使用 ONNX 将模型从 PyTorch 迁移到 Caffe2 和 Mobile

译者：@片刻

在本教程中, 我们将介绍如何使用 ONNX 将 PyTorch 中定义的模型转换为 ONNX 格式, 然后将其加载到 Caffe2 中. 一旦进入 Caffe2 , 我们可以运行该模型以仔细检查它是否正确导出, 然后演示如何使用 Caffe2 功能(例如移动导出器）在移动设备上执行模型.

在本教程中, 您需要安装 onnx, onnx-caffe2 和 Caffe2. 你可以通过 conda install -c ezyang onnx onnx-caffe2 用 onnx 和 onnx-caffe2 获得二进制版本.

NOTE: 本教程需要 PyTorch 主分支, 可以按照 here 的说明进行安装

# Some standard imports
import io
import numpy as np

from torch import nn
from torch.autograd import Variable
import torch.utils.model_zoo as model_zoo
import torch.onnx

Super-resolution 是提高图像, 视频分辨率的一种方式, 广泛用于图像处理或视频编辑. 对于本教程, 我们将首先使用带有虚拟输入的小型 super-resolution 模型.

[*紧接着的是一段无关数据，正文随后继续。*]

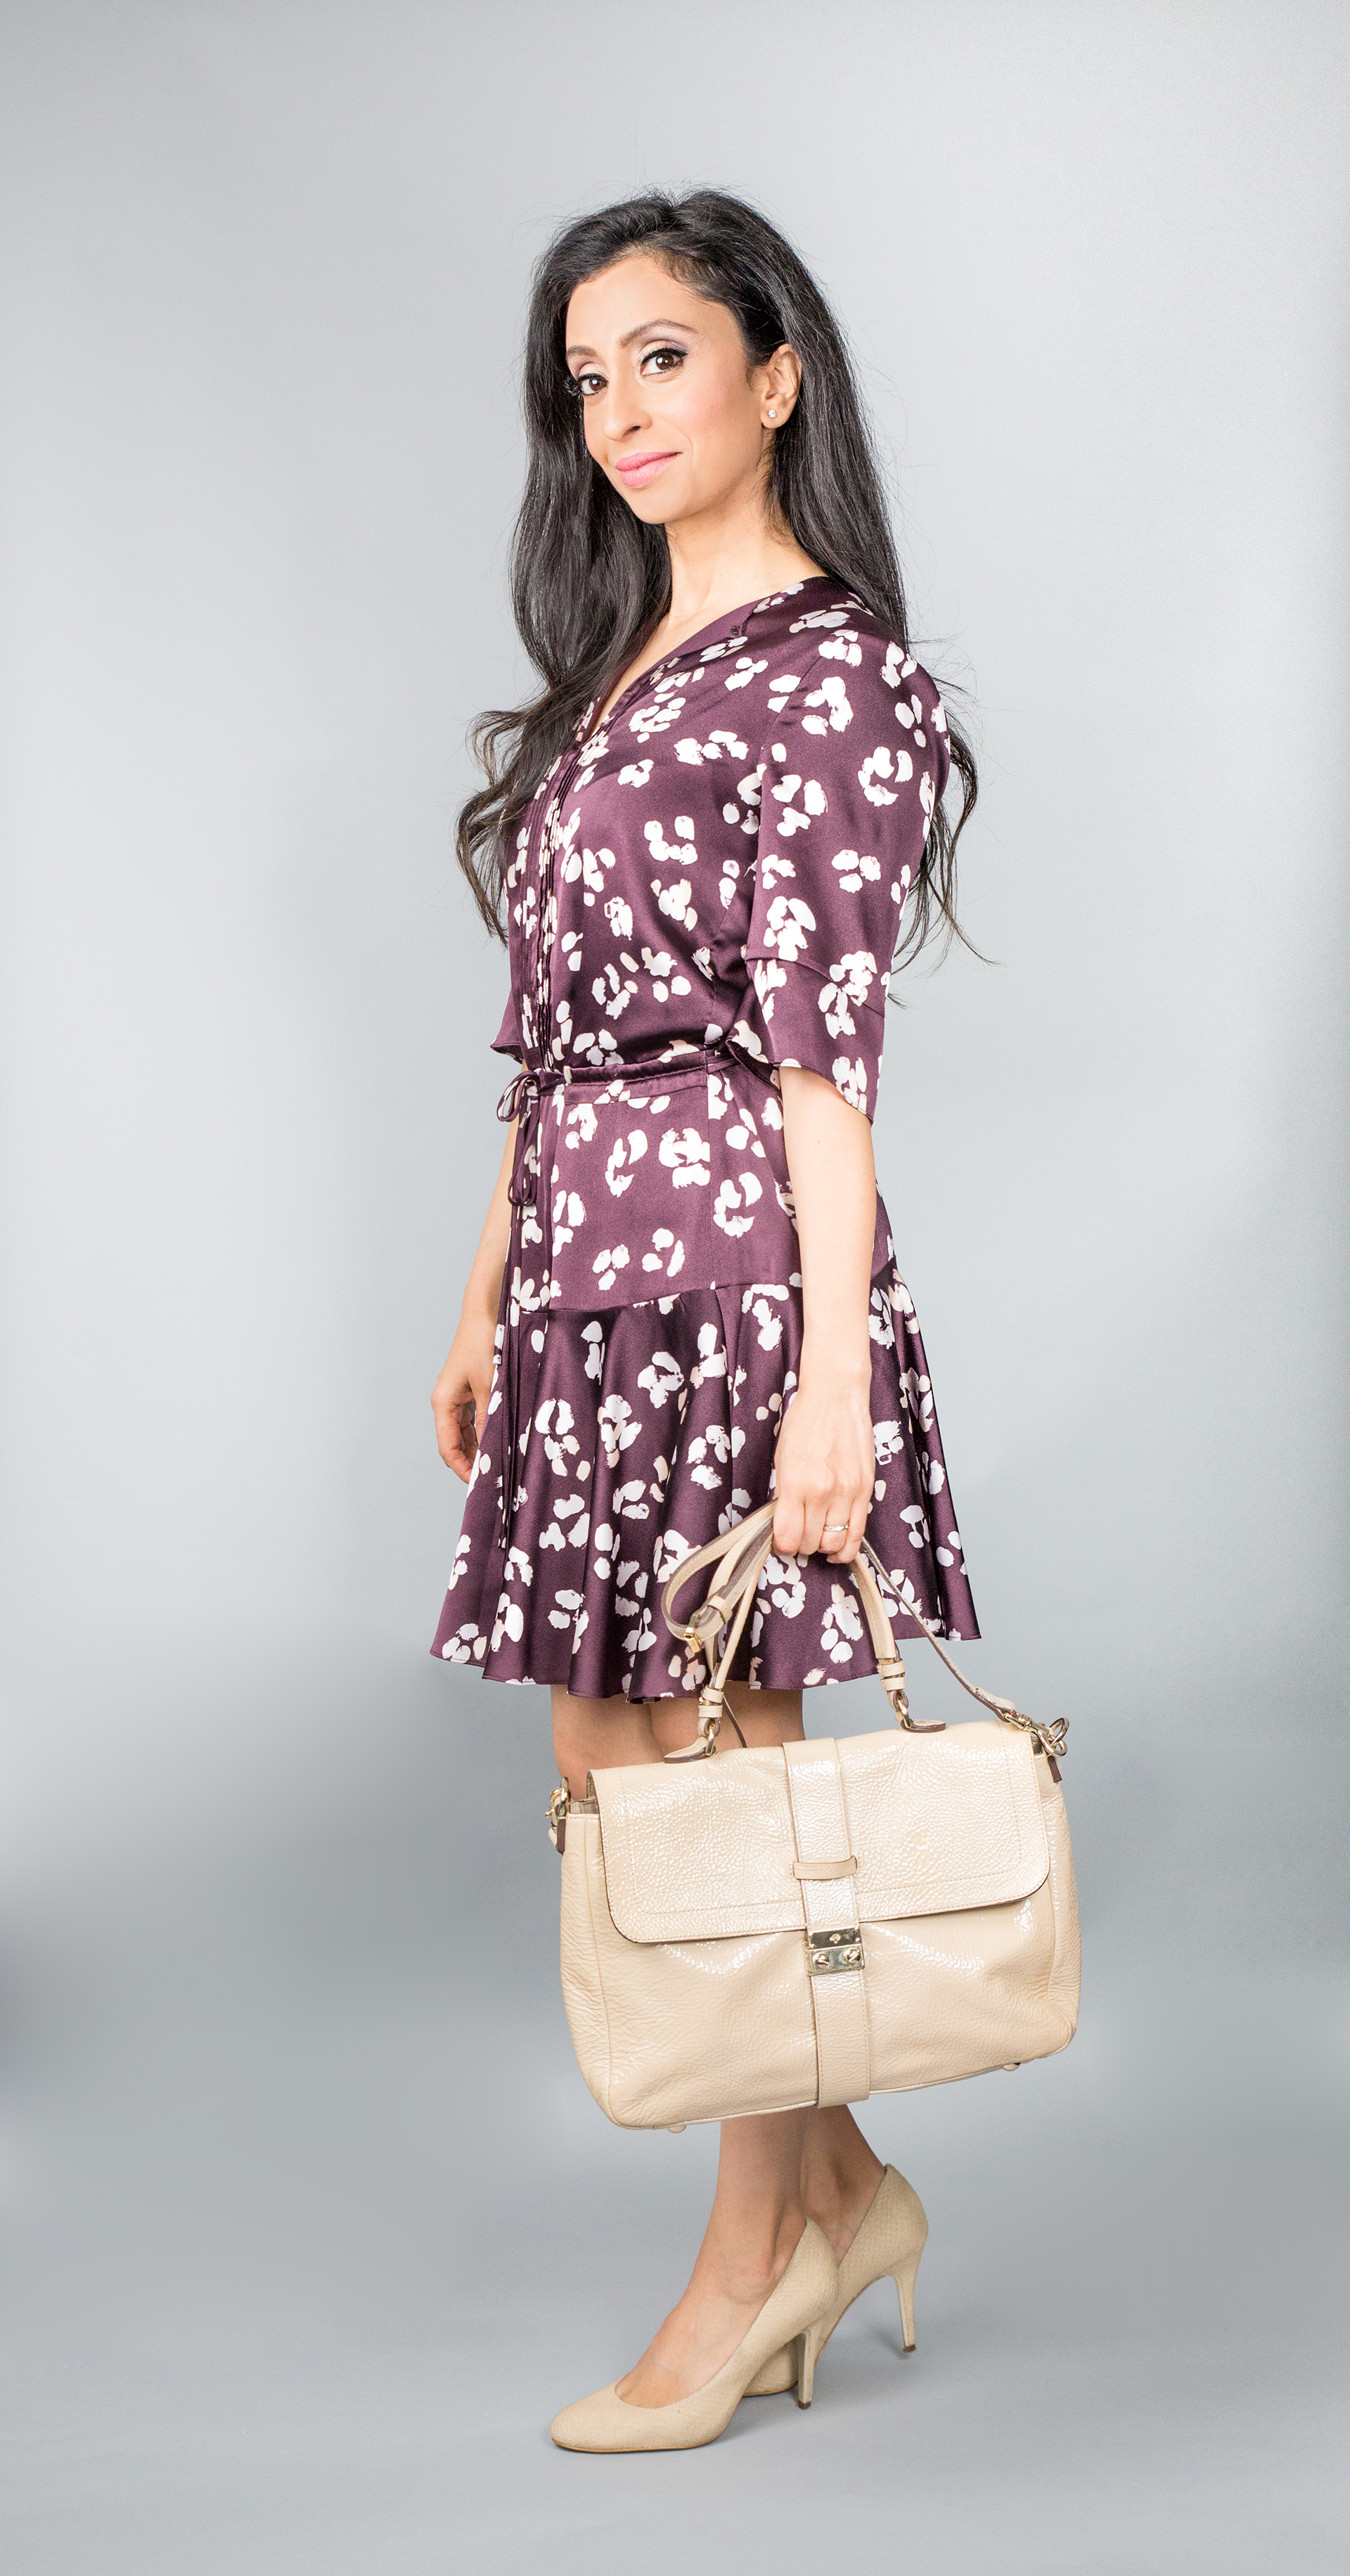 Nadia with handbag with multi-purpose strap

首先, 让我们在 PyTorch 中创建一个 SuperResolution 模型. 这个模型直接来自 PyTorch 的例子而没有修改:

# Super Resolution model definition in PyTorch
import torch.nn as nn
import torch.nn.init as init

class SuperResolutionNet(nn.Module):
    def __init__(self, upscale_factor, inplace=False):
        super(SuperResolutionNet, self).__init__()

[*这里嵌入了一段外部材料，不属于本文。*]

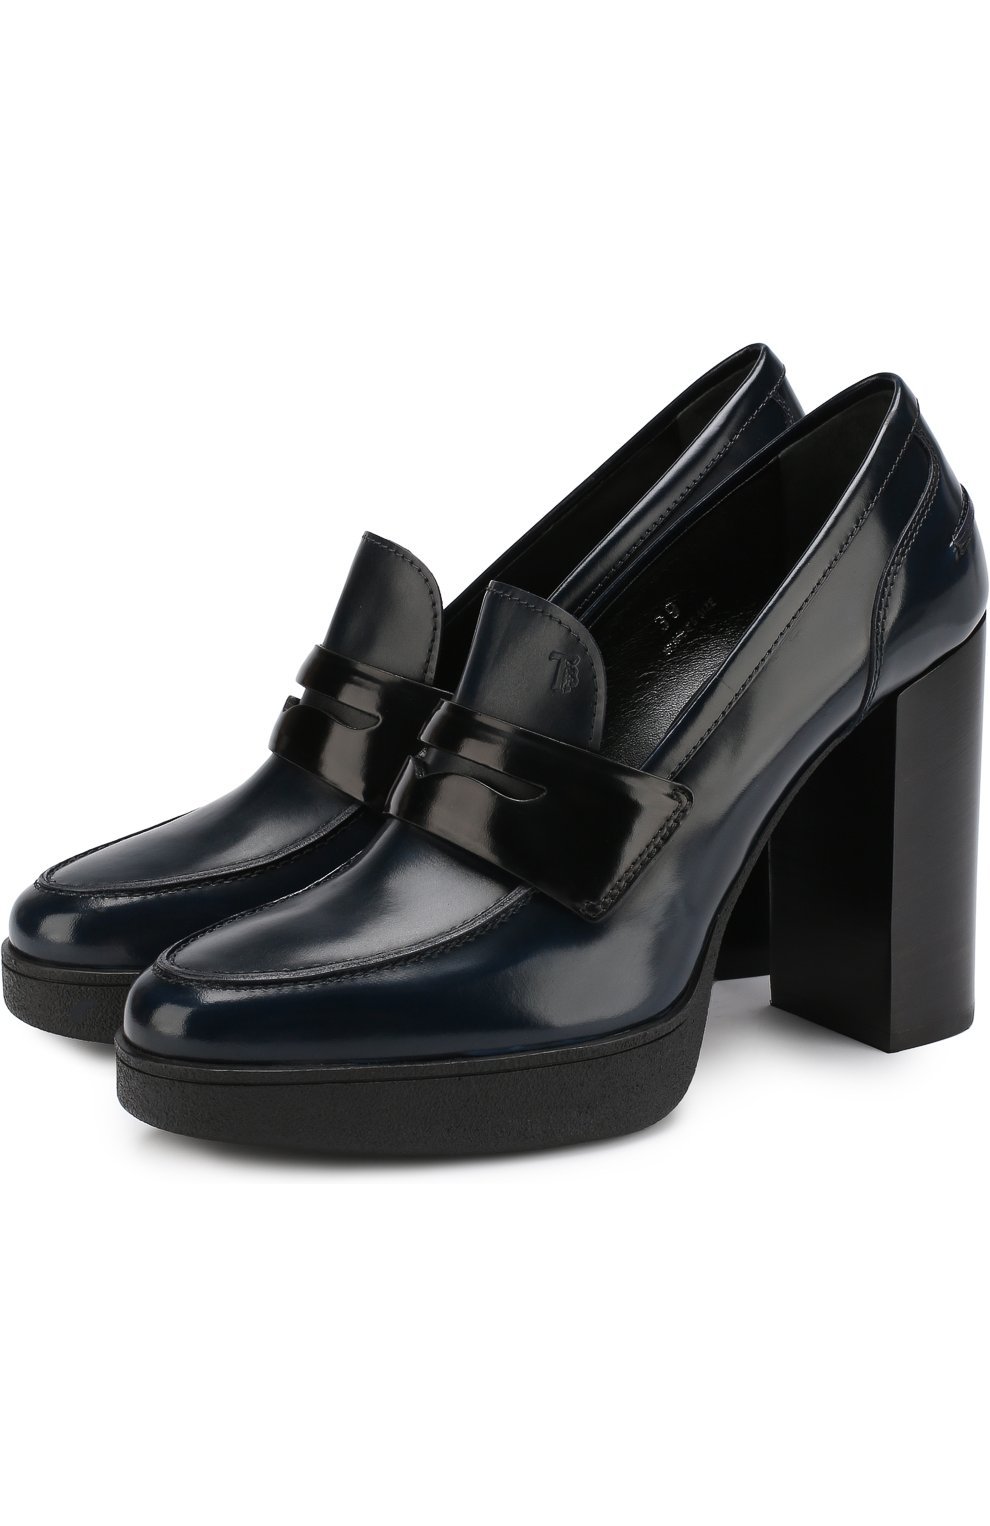 Кожаные туфли на устойчивом каблуке и платформе | Фото №1

        self.relu = nn.ReLU(inplace=inplace)
        self.conv1 = nn.Conv2d(1, 64, (5, 5), (1, 1), (2, 2))
        self.conv2 = nn.Conv2d(64, 64, (3, 3), (1, 1), (1, 1))
        self.conv3 = nn.Conv2d(64, 32, (3, 3), (1, 1), (1, 1))
        self.conv4 = nn.Conv2d(32, upscale_factor ** 2, (3, 3), (1, 1), (1, 1))
        self.pixel_shuffle = nn.PixelShuffle(upscale_factor)

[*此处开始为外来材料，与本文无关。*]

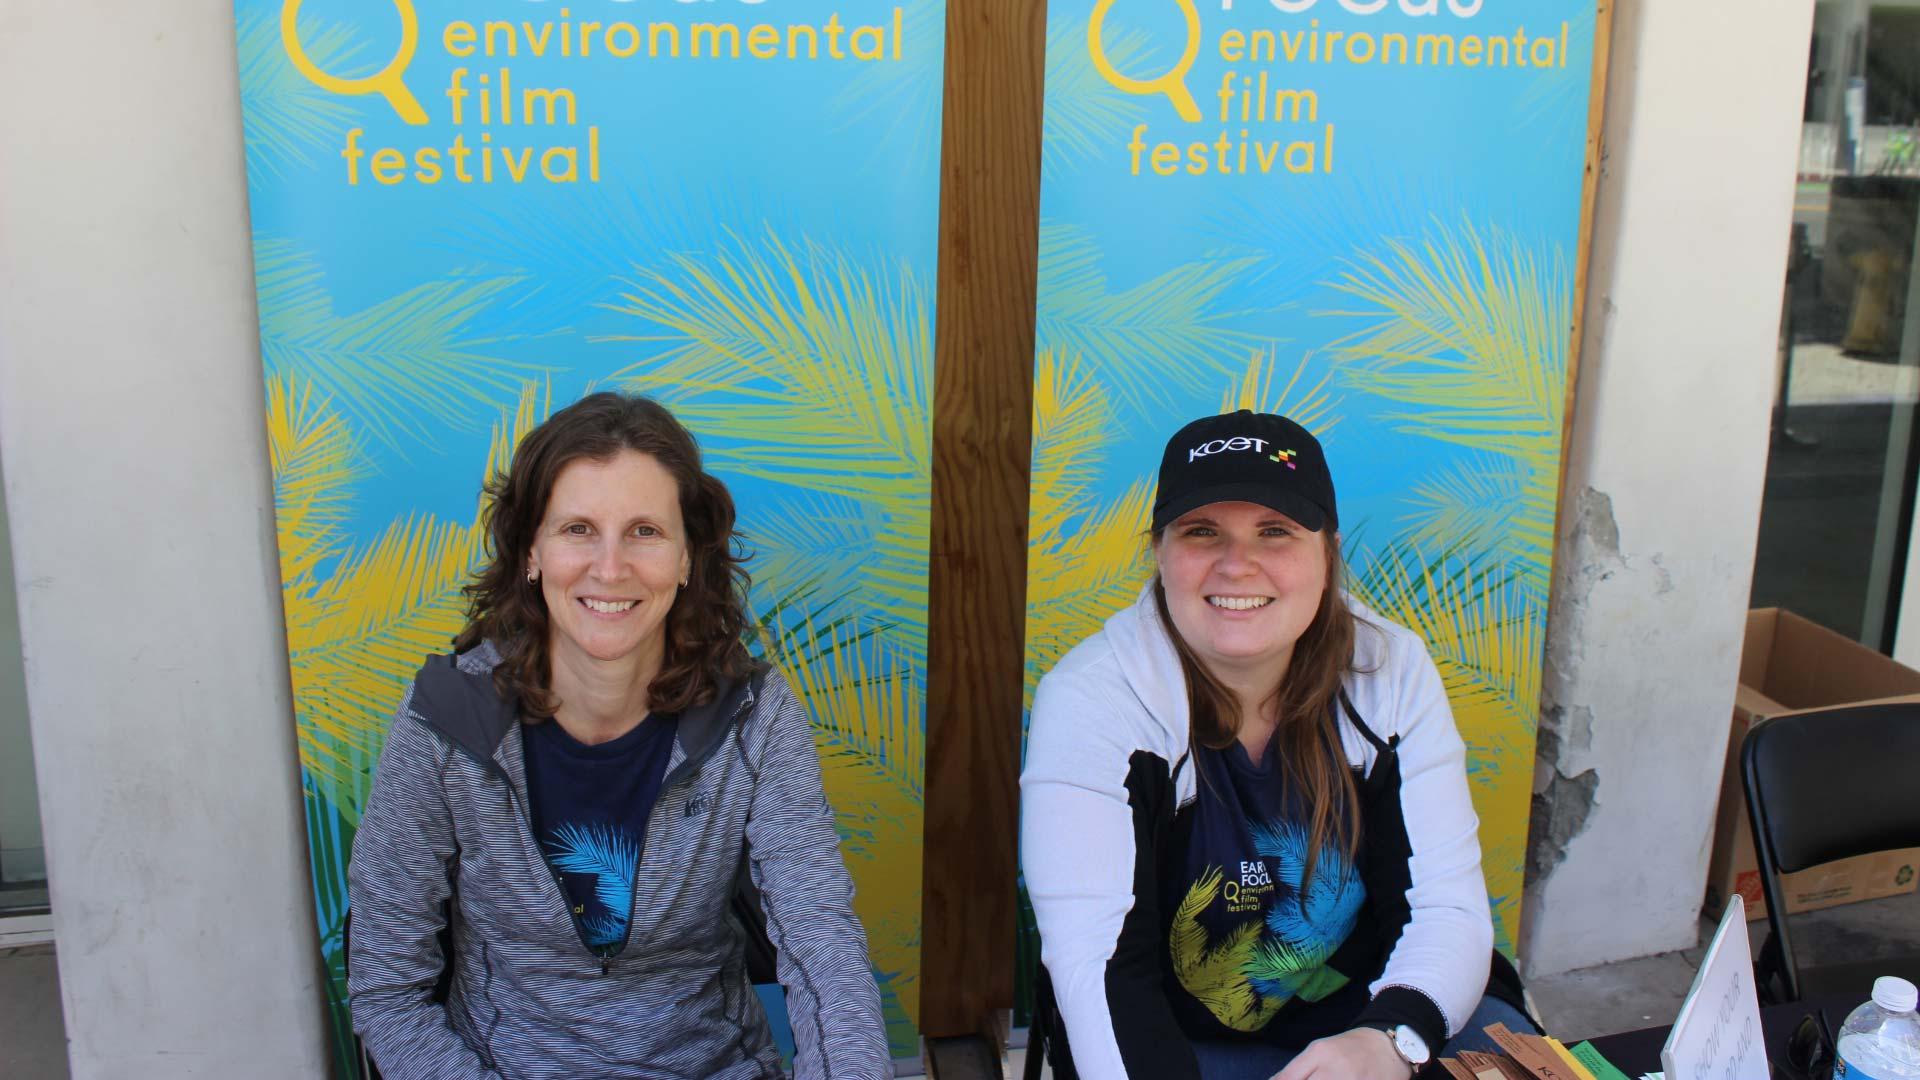 earth focus environmental film festival

        self._initialize_weights()

    def forward(self, x):
        x = self.relu(self.conv1(x))
        x = self.relu(self.conv2(x))
        x = self.relu(self.conv3(x))
        x = self.pixel_shuffle(self.conv4(x))
        return x

    def _initialize_weights(self):
        init.orthogonal(self.conv1.weight, init.calculate_gain('relu'))
        init.orthogonal(self.conv2.weight, init.calculate_gain('relu'))
        init.orthogonal(self.conv3.weight, init.calculate_gain('relu'))
        init.orthogonal(self.conv4.weight)

# Create the super-resolution model by using the above model definition.
torch_model = SuperResolutionNet(upscale_factor=3)

通常, 你现在要训练这个模型; 但是, 对于本教程, 我们将下载一些预先训练的权重. 请注意, 该模型没有得到充分训练以获得良好的准确性, 因此仅用于演示目的.

# Load pretrained model weights
model_url = 'https://s3.amazonaws.com/pytorch/test_data/export/superres_epoch100-44c6958e.pth'
batch_size = 1    # just a random number

# Initialize model with the pretrained weights
map_location = lambda storage, loc: storage
if torch.cuda.is_available():
    map_location = None
torch_model.load_state_dict(model_zoo.load_url(model_url, map_location=map_location))

# set the train mode to false since we will only run the forward pass.
torch_model.train(False)

在PyTorch中导出模型通过跟踪工作.要导出模型, 请调用该 torch.onnx._export() 函数. 这将执行模型, 记录运算符用于计算输出的轨迹.由于 _export 运行模型, 我们需要提供一个输入张量 x. 这个张量中的值并不重要; 只要尺寸合适, 它可以是图像或随机张量.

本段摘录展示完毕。